With the records below as your source, retype each line exactly from the top down to the line that contains "marble center table", and include that line.

+++ INFORMATION SUPPLIED

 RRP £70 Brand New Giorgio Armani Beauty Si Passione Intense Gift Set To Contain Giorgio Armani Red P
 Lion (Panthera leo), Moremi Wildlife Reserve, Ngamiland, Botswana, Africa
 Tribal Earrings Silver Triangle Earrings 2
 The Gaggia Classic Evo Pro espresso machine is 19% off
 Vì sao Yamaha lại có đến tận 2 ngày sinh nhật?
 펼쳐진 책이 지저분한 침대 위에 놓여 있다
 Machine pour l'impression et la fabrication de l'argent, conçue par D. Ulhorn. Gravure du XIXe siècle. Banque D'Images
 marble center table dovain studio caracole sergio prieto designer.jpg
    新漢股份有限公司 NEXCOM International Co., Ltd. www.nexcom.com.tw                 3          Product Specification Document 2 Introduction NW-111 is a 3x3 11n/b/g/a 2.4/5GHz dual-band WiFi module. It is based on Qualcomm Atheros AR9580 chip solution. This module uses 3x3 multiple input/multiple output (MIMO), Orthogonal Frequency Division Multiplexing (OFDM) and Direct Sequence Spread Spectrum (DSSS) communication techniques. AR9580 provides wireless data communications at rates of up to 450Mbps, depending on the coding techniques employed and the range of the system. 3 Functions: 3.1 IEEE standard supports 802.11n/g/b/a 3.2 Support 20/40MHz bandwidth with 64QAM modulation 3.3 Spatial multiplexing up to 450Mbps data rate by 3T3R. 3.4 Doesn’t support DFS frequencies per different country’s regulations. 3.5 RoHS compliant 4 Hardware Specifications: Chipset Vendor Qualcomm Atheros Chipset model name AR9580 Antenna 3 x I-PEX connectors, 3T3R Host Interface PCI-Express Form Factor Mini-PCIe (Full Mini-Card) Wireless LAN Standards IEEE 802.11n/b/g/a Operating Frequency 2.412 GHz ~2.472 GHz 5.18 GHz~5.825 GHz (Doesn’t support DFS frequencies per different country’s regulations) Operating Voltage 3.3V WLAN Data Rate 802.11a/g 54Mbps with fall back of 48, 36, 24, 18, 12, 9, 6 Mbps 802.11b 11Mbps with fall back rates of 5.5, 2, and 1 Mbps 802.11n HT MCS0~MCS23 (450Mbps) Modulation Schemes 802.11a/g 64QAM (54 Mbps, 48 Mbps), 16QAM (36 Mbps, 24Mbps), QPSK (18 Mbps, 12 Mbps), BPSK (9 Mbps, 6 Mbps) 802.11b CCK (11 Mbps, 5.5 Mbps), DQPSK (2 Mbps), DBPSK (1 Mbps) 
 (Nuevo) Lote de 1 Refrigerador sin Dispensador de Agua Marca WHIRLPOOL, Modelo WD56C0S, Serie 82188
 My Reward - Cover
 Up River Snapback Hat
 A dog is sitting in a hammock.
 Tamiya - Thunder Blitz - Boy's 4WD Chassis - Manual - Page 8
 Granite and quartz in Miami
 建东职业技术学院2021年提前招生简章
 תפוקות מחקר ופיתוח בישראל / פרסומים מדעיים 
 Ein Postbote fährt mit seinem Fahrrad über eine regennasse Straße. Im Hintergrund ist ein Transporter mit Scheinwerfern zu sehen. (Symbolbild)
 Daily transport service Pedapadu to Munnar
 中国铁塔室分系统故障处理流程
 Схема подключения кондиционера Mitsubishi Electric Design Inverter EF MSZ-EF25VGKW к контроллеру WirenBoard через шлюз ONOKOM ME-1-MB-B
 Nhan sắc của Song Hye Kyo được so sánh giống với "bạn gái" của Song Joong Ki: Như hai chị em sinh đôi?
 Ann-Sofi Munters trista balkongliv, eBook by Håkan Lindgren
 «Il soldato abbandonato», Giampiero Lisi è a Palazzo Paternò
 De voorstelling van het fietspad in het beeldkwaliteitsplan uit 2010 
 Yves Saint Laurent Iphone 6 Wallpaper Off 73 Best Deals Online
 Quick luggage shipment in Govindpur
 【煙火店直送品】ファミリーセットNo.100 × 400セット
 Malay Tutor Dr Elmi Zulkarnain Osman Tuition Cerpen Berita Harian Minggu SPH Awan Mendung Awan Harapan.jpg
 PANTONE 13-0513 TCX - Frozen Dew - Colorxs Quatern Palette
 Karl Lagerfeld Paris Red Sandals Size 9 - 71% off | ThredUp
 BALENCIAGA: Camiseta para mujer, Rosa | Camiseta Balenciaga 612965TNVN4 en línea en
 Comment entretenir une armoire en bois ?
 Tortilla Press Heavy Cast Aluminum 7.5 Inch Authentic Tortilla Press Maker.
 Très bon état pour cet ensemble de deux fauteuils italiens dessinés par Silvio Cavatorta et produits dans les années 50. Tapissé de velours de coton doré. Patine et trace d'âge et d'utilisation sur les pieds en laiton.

++++++

*RESPONSE AREA*:
 RRP £70 Brand New Giorgio Armani Beauty Si Passione Intense Gift Set To Contain Giorgio Armani Red P
 Lion (Panthera leo), Moremi Wildlife Reserve, Ngamiland, Botswana, Africa
 Tribal Earrings Silver Triangle Earrings 2
 The Gaggia Classic Evo Pro espresso machine is 19% off
 Vì sao Yamaha lại có đến tận 2 ngày sinh nhật?
 펼쳐진 책이 지저분한 침대 위에 놓여 있다
 Machine pour l'impression et la fabrication de l'argent, conçue par D. Ulhorn. Gravure du XIXe siècle. Banque D'Images
 marble center table dovain studio caracole sergio prieto designer.jpg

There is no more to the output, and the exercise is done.